Longitudinal studies of Alzheimer's disease offer some distinct advantages over cross-sectional studies, not only because dynamic changes can be monitored, but also because subjects can be used as their own controls. In this way, subtle pathological changes within individuals are not masked by wide physiological variability. A number of important studies by Fox and co-workers have shown a clear distinction between the rates of atrophy in patients with Alzheimer's disease compared to controls3Go,18GoGoGoGoGoGo–24Go. Importantly, they have shown quantifiable rates of atrophy in presymptomatic patients at risk for Alzheimer's disease. Their earlier studies used sub-voxel linear co-registration and digital subtraction of serial MRI scans. This rigid body co-registration technique allows the quantification of whole brain atrophy (Plate IX see p xiii) and they show global volume loss of 5–20 ml/year in patients versus 2 ml/year in controls. However, local pathological deformations in small complex structures such as the hippocampus cannot be accurately mapped with linear registration. Less constrained, non-linear warping techniques are required.
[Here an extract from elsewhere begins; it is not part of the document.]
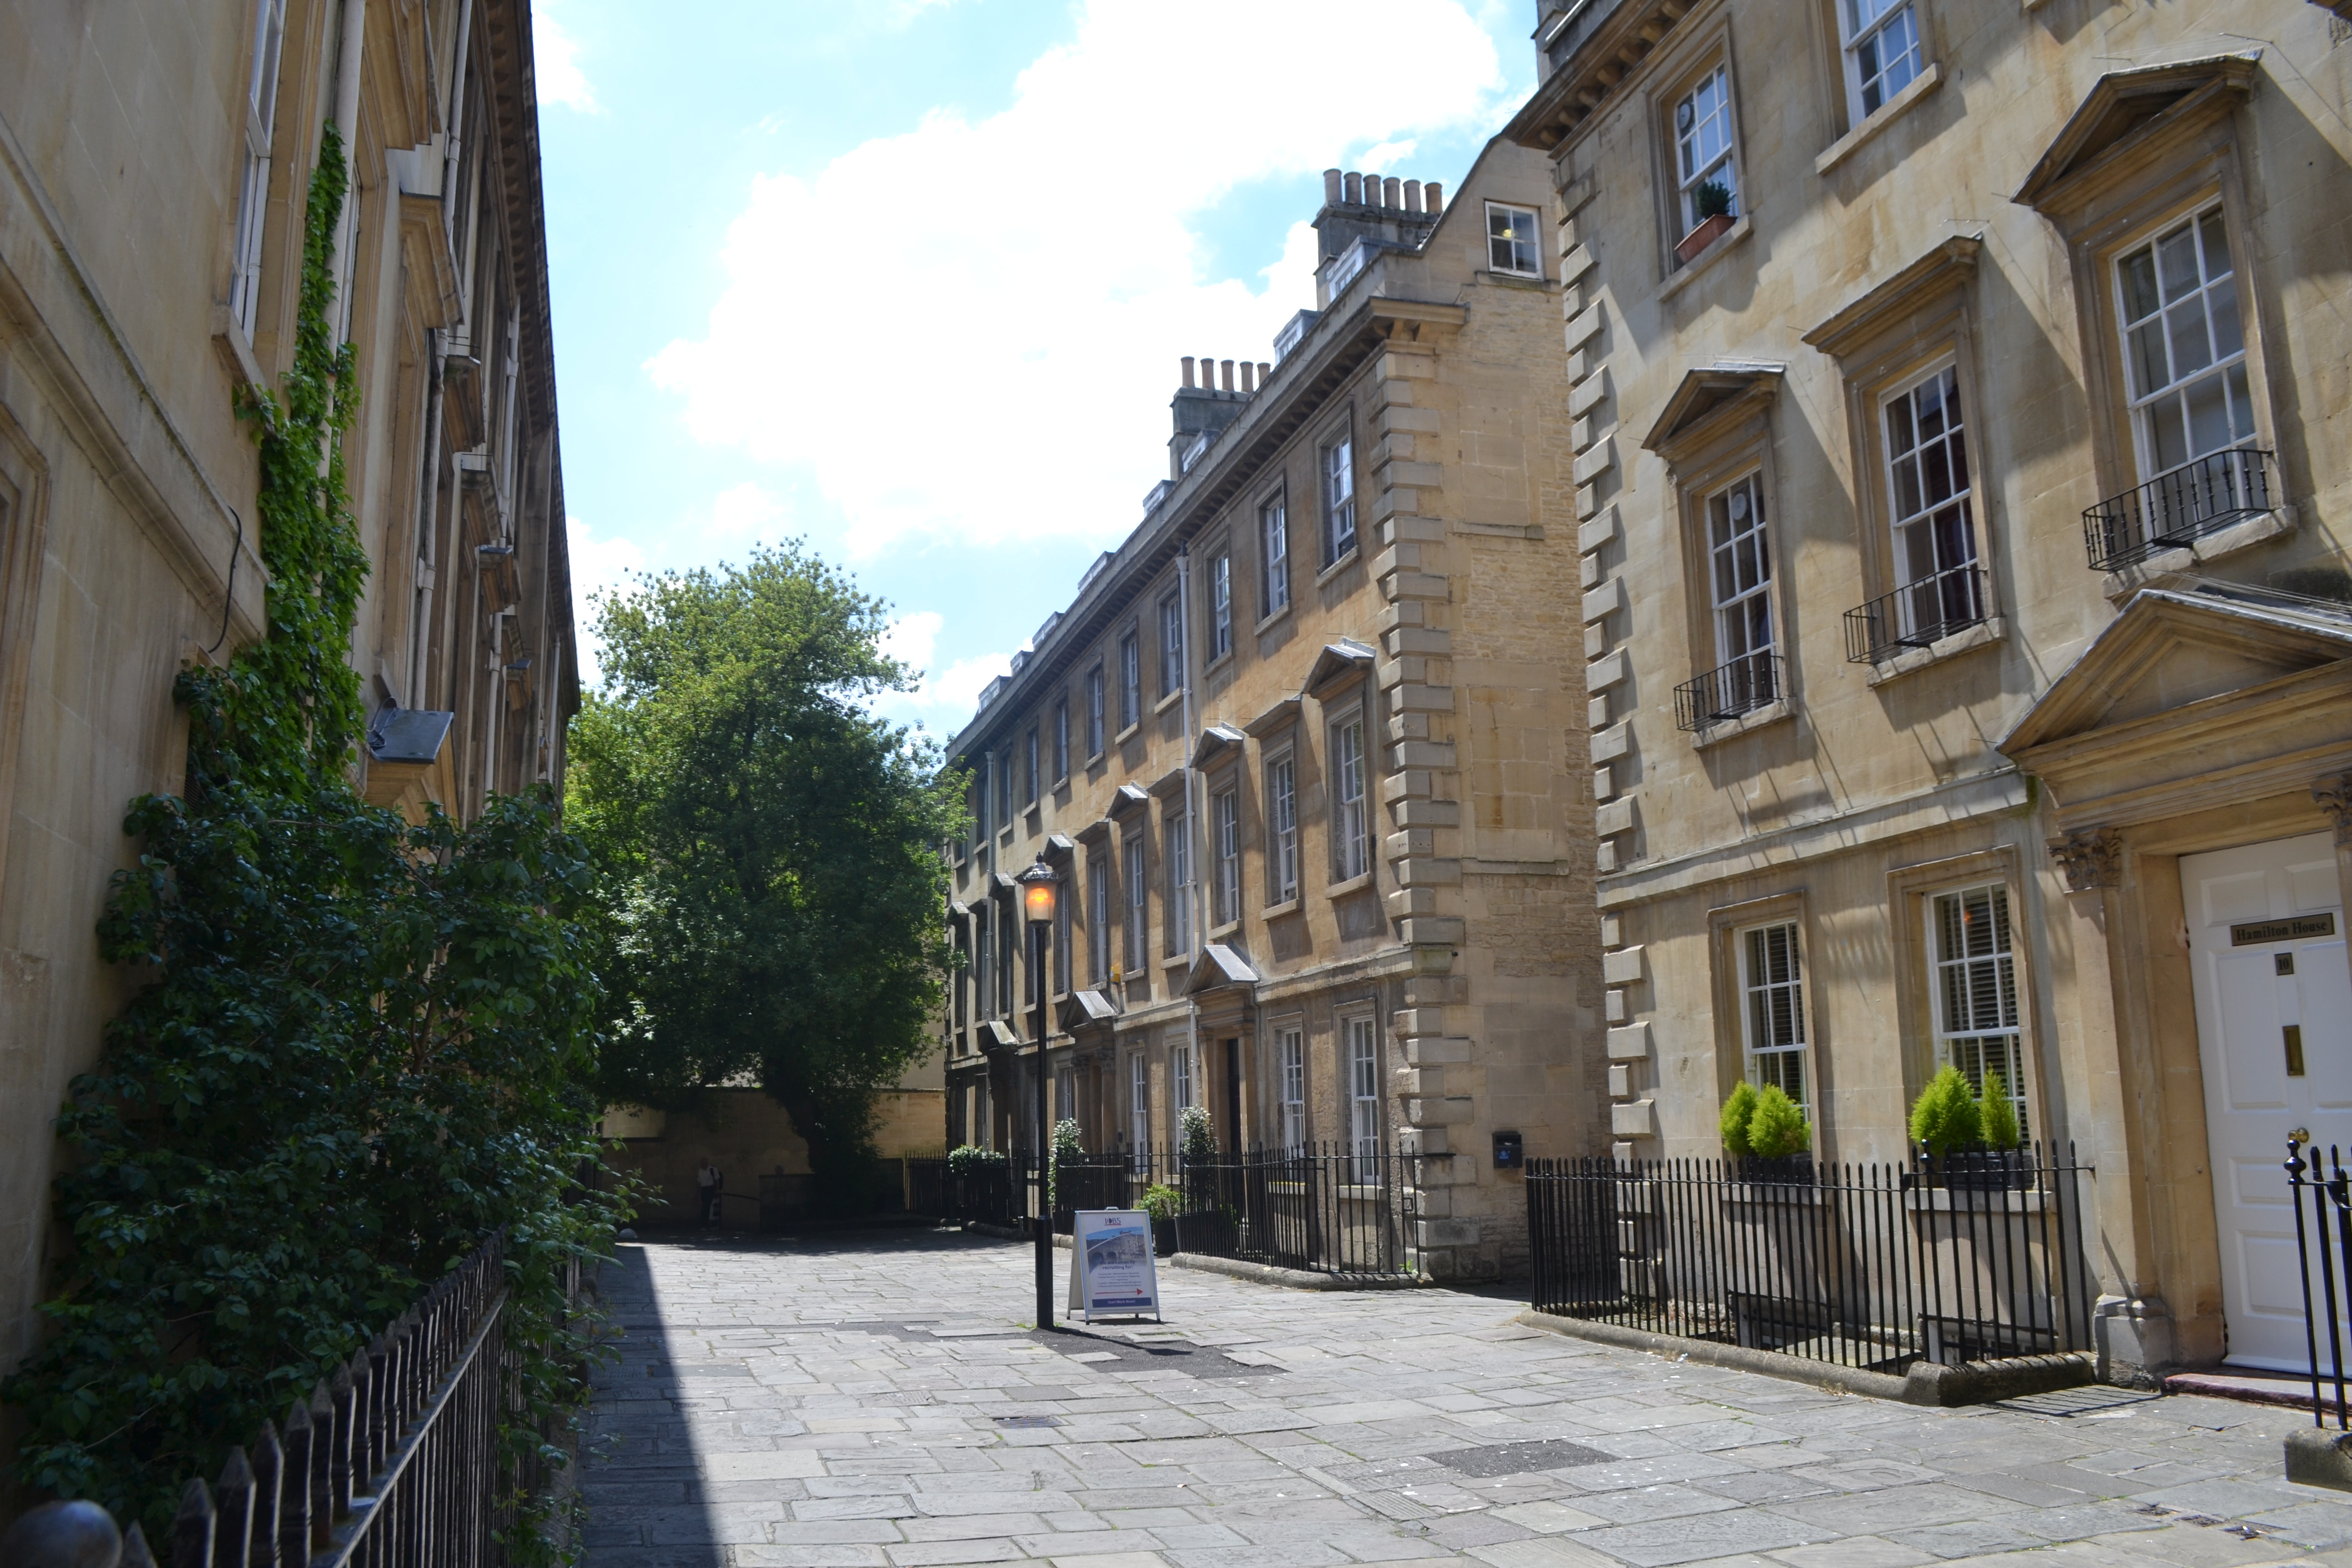 Bath - Englands Historic Cities

More recently, they have used non-linear registration methods based on a compressible viscous fluid model to characterise local pathological shape deformations in Alzheimer's disease (Plate IXB see p.xiii). Importantly, they have documented the evolution of pathological changes from presymptomatic, at-risk individuals to mild and moderately affected Alzheimer's disease patients (Plate X see p.xiv). They demonstrate significantly increased rates of precuneus and posterior cingulate atrophy in all stages of Alzheimer's disease, with increased rates of atrophy with increasing disease severity. The pattern of temporal lobe atrophy varies with the stage of disease. In presymptomatic individuals and mildly affected patients, significant rates of volume loss are seen in the hippocampi. However, in mild and moderately severe Alzheimer's disease, the distribution of temporal atrophy shifts from mesial structures to inferolateral structures24Go. It thus appears that precuneus and posterior cingulate atrophy may be useful surrogate markers of disease progression throughout the course of Alzheimer's disease, with hippocampal atrophy being a useful index for the early stages.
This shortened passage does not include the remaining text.